The findings of the study “Integrative taxonomy of the black-barred disk pacus (Characiformes: Serrasalmidae), including the redescription of Myloplus schomburgkii and the description of two new species” was published in the journal Neotropical Ichthyology and can be accessed from that time here.
Myloplus sauron is found only in the Xingu River, a tributary of the Amazon River, South America. It eats mainly plants and has human-like teeth to suit its diet. The fish is one of two new species recently named by scientists as part of an effort to better understand piranhas and their relatives and to estimate fish biodiversity living in and around the Amazon River. As many as 42 percent of the fish found there are thought to be unknown to science.
Lead author Dr Rupert Collins, Senior Curator in Charge of fish at the Museum, helped to describe the species, which although closely related to piranhas is in fact better known as a “pacu”, the common name usually used for the piranha’s vegetarian relatives.
Rupert commented: “As soon as my colleagues suggested the name for this fish, we knew it was perfect for it. It looks just like the Eye of Sauron, especially with the red fins and orange patches on its body.
“With so much undescribed biodiversity in the Amazon and surrounding rivers, it’s so important to highlight just how little we know about many of the animals we share our world with, even just basic things like what they look like and where they live. In order to protect the biodiversity we share the Earth with, we must first understand it.
Myloplus sauron was discovered as part of wider efforts to catalogue Amazon biodiversity and understand human impacts in the region.
The Amazon’s Xingu River basin contains over 600 species of fishes, including over 70 endemic species found nowhere else in the world. The river drains a catchment area larger than France and has a single stretch of rapids of over 130 km in length.
This study sought to investigate piranhas and their relatives, a family of fish renowned for being difficult to tell apart, found in this area. The confusion is due to them changing their appearance as they grow, males and females often looking quite different, and many of the same characteristics tending to pop up in different species due to the process of convergent evolution.
One of the more recognisable pacus is Myloplus schomburgkii, a widely distributed species with a bold black band down its side.
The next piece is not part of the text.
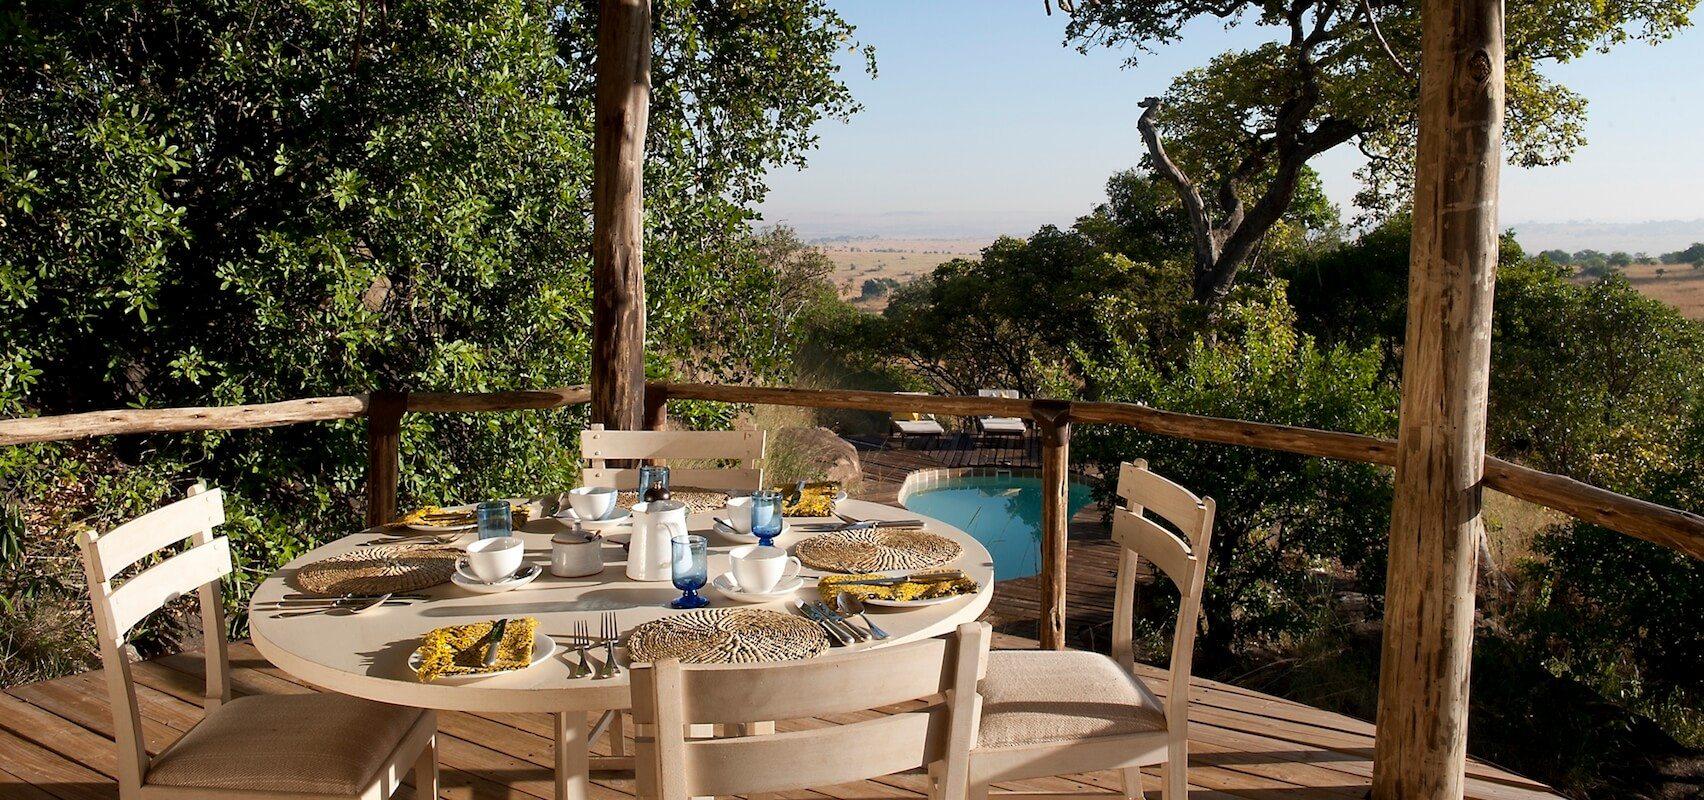 Tanzania_NorthSerengeti_Nomad Lamai Serengeti Private Lodge Dining
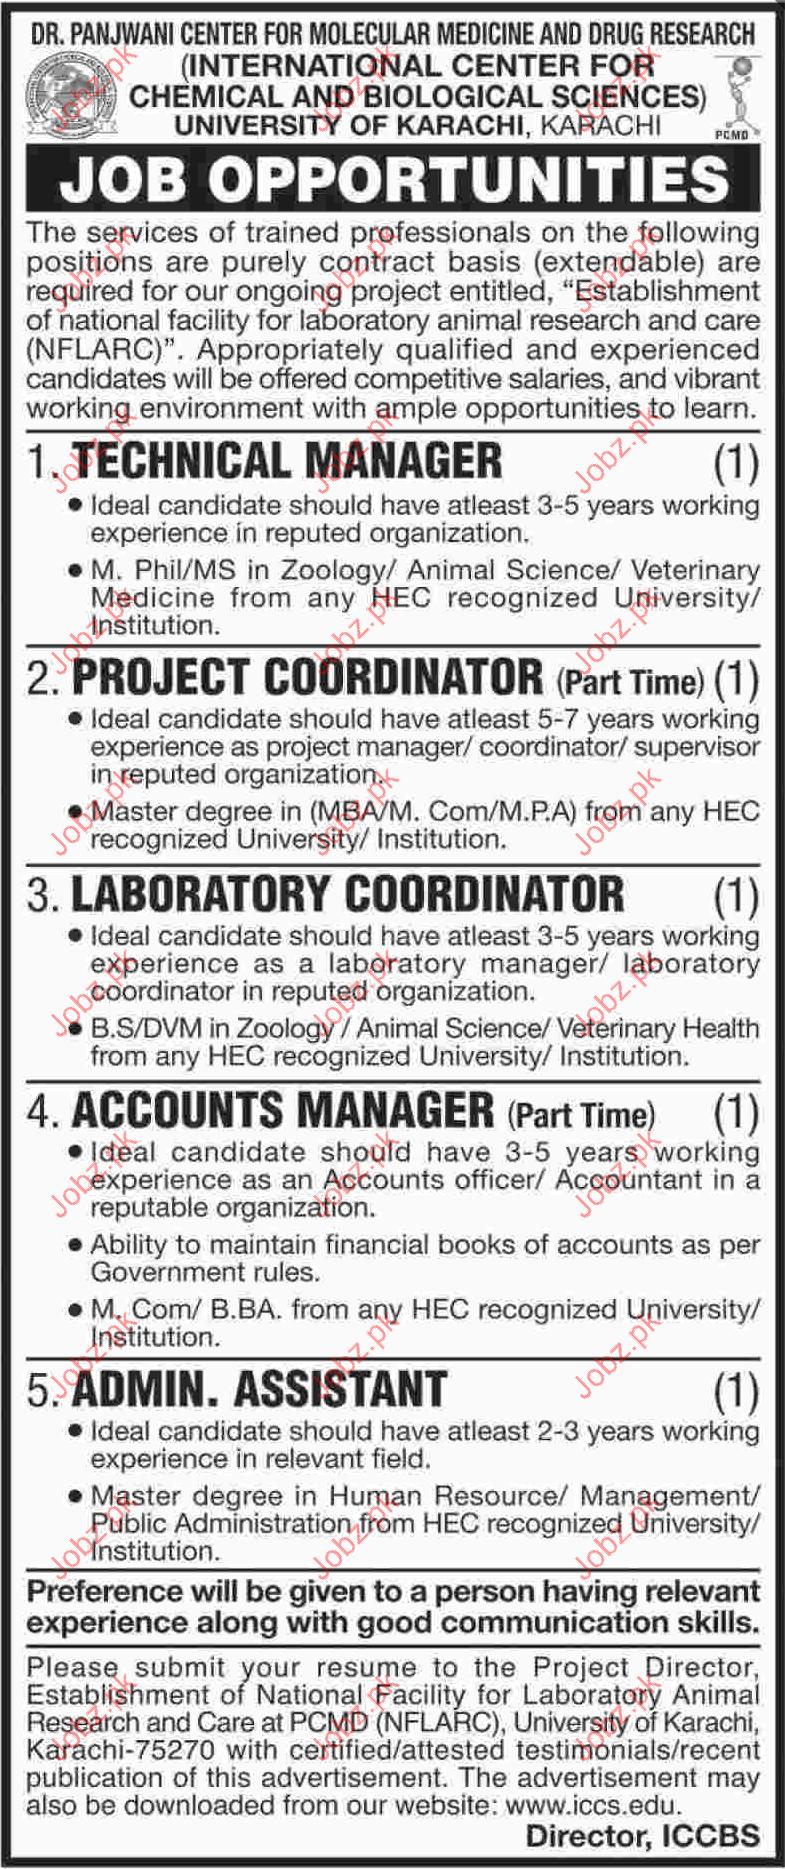 Dr Panjwani Center for Molecular Medicine Drug Research Jobs

However, when scientists delved deeper, they found several distinct genetic groups in the species that could be distinguished by anatomy too.
Using a combination of different types of data, such as morphology, genetics and ecology, to describe new species is called “integrative taxonomy”, and this holistic approach is often more powerful than using just one line of evidence alone. Using this approach, the team identified two new species, Myloplus sauron and Myloplus aylan, and redescribed Myloplus schomburgkii.
“Museum collections are critical to biodiversity science because of how difficult it is to use a scientific name when we don’t know what that name represents, i.e. what that species is supposed to look like. Fixing these historical problems allows us to move forward and accelerate the discovery and cataloguing of new biodiversity.” says Rupert.
The findings of the study “Integrative taxonomy of the black-barred disk pacus (Characiformes: Serrasalmidae), including the redescription of Myloplus schomburgkii and the description of two new species” was published in the journal Neotropical Ichthyology and can be accessed from that time here.